The function quick_ds can be used to fetch a day's data from a directory. This function mimics the output of the DaySummary constructor but outputs a struct rather than an object (which has different copying semantics). An added benefit of quick_ds is that it can take out probe trials automatically using the flag deprobe, it can ignore cell filters with nocells, and use a nonstandard cellmax output directory with the option cm, which can be useful for dual-site data.

Examples:

ds = quick_ds('../c14m4/c14m4d16', 'deprobe', 'nocells');

ds_hpc = quick_ds('../cohort14_dual/c14m6/c14m6d10', 'deprobe', 'nocells', 'cm', 'hpc_cm01_fix');
ds_prl = quick_ds('../cohort14_dual/c14m6/c14m6d10', 'deprobe', 'nocells', 'cm', 'prl_cm01_fix');

Loading a dataset from a ds

To load a dataset for supervised learning, including an X matrix containing samples along rows and neurons along columns, and a ks vector containing labels, use the function ds_dataset.

ds_dataset

Inputs:

  1. ds struct, as returned by quick_ds
  • Parameter combined: keep trials split in a cell?
    • Default true
  • Parameter selection: 0-1 fraction angle along turn to select or 'all'
    • Default 'all'
  • Parameter filling: 'copy' (trace value if event, 0 if no event) or 'box' ("EVENT AMPLITUDE" if event, 0 if no event) or 'binary' (1 if event, 0 if no event)
    • Default 'copy'
  • Parameter trials: boolean mask over trials or 'all'
    • Default 'all'
  • Parameter target: the class that each trial belongs to or 'position bin'
    • Default 'position bin'
  • Parameter sparsify: return a sparse array?
    • Default true
  • Parameter openfield: is this an openfield dataset?
    • Default false

Outputs:

  1. data matrix: shape M (samples) x N (neurons)
  2. class labels vector: length M
  3. error metric function f(k labels, p prediction) (this tends to be more useful for place decoding, where you want a bin distance)
  4. (only when numeric 'selection' is used): ds.num_trials length vector.

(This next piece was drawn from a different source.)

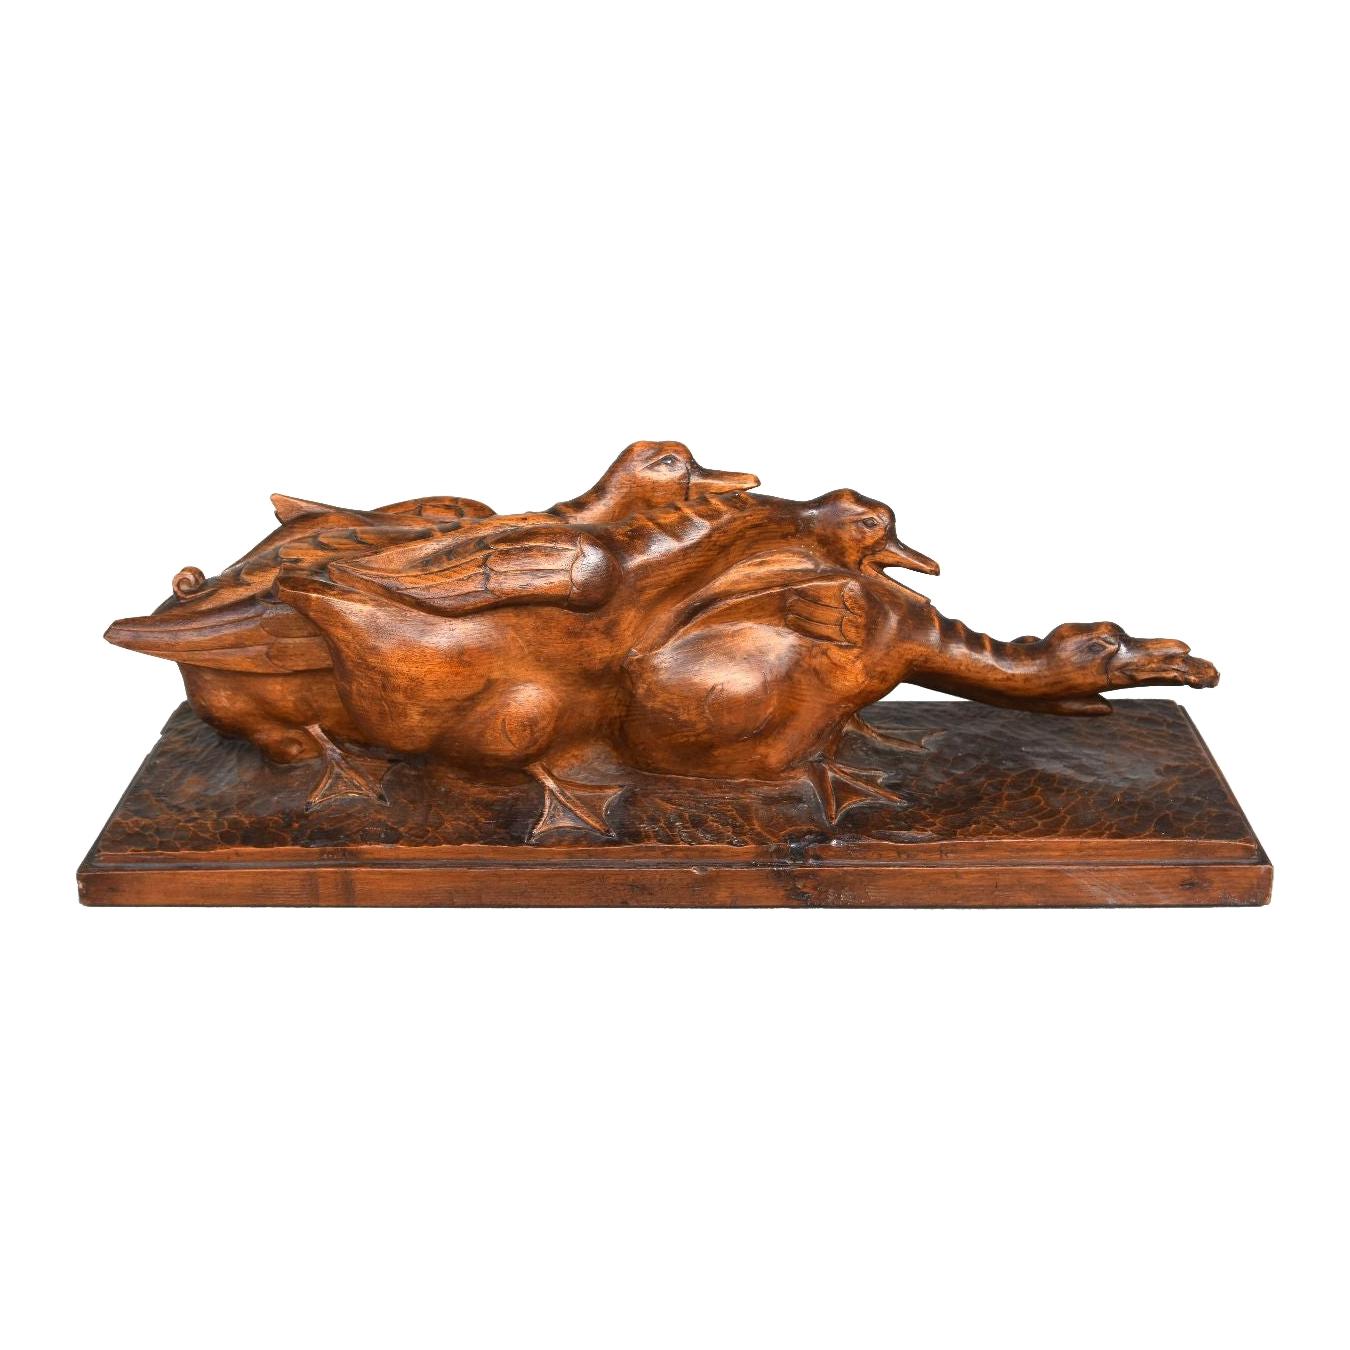 1930 Geese Fighting Over a Frog by H. Petrilly Art Deco Wooden Sculpture For Sale

The frame numbers within each trial that were used to build the rows of X. 0 if that trial was not used.

Examples:

points = 0:0.1:0.5;
trials_chosen = strcmp({ds.trials.start}, 'west');
[X_, ks_, em_, frames] = ds_dataset(ds, 'selection', points(j), 'filling', 'binary',...
        'trials', trials_chosen, 'target', {ds.trials.end});


%dual site example
fil = 'box';
X = cell(1,numel(ds)); ks = cell(1,numel(ds));
for ix = 1:numel(ds)
    [X{1,ix}, ks{1,ix}, errf] = ds_dataset(ds(ix), 'filling', fil);
    if ~isequal(ks{1,ix}, ks{1,1})
        error('unequal ks');
    end
end
X = cell2mat(X);
ks = ks{1,1};

alg structures

Decoders are encapsulated in structures of the following form:

alg.name = 'The name of the decoder';
alg.pre = @(X) some function to preprocess the matrix X;
alg.train = @(X_tr, ks_tr) a function training on all of X_tr and ks_tr ...
    and returning a trained model object;
alg.test = @(model, X_te) a function predicting the output of X_te given ...
    the trained model (typically this is predict(model, X_te));

A number of precanned alg structures are available in my_algs:

struct array of algs = my_algs( cell array of alg codenames )

Some examples include:

algs = my_algs({'linsvm', 'mvnb'});

algs = my_algs({'ecoclin', 'mvnb2'});
alg = alg(1); %will be an ecoclin alg
  • linsvm is a linear SVM for binary classification.
  • mvnb is multivariate naive Bayes for categorical data, used on binarized event detected traces.
  • mvnb2 is a faster version optimized to run quickly with sparse arrays
  • ecoclin is like linsvm but uses an all-to-all ensemble to be able to perform multiclass classification.

Evaluating a decoder

evaluate_alg

Inputs:

  1. alg struct, as returned by my_algs, scalar
  2. X data matrix, as returned by ds_dataset
  3. ks class label vector, as returned by ds_dataset
  • Parameter eval_f: evaluation function of the form f(k,p) to compare predictions to ground truth
    • Default: @(k,p) mean(~cellfun(@isequal, k(:), p(:)))
  • Parameter train_frac: fraction of the data to train on
    • Default: 0.7
  • Parameter par_loops: how many times to run with different test/train division. Note that evaluate_alg will try to run each division in parallel to save time, using a parfor loop
    • Default: 1

Outputs:

  1. training errors (vector of length par_loops)
  2. testing errors (vector of length par_loops)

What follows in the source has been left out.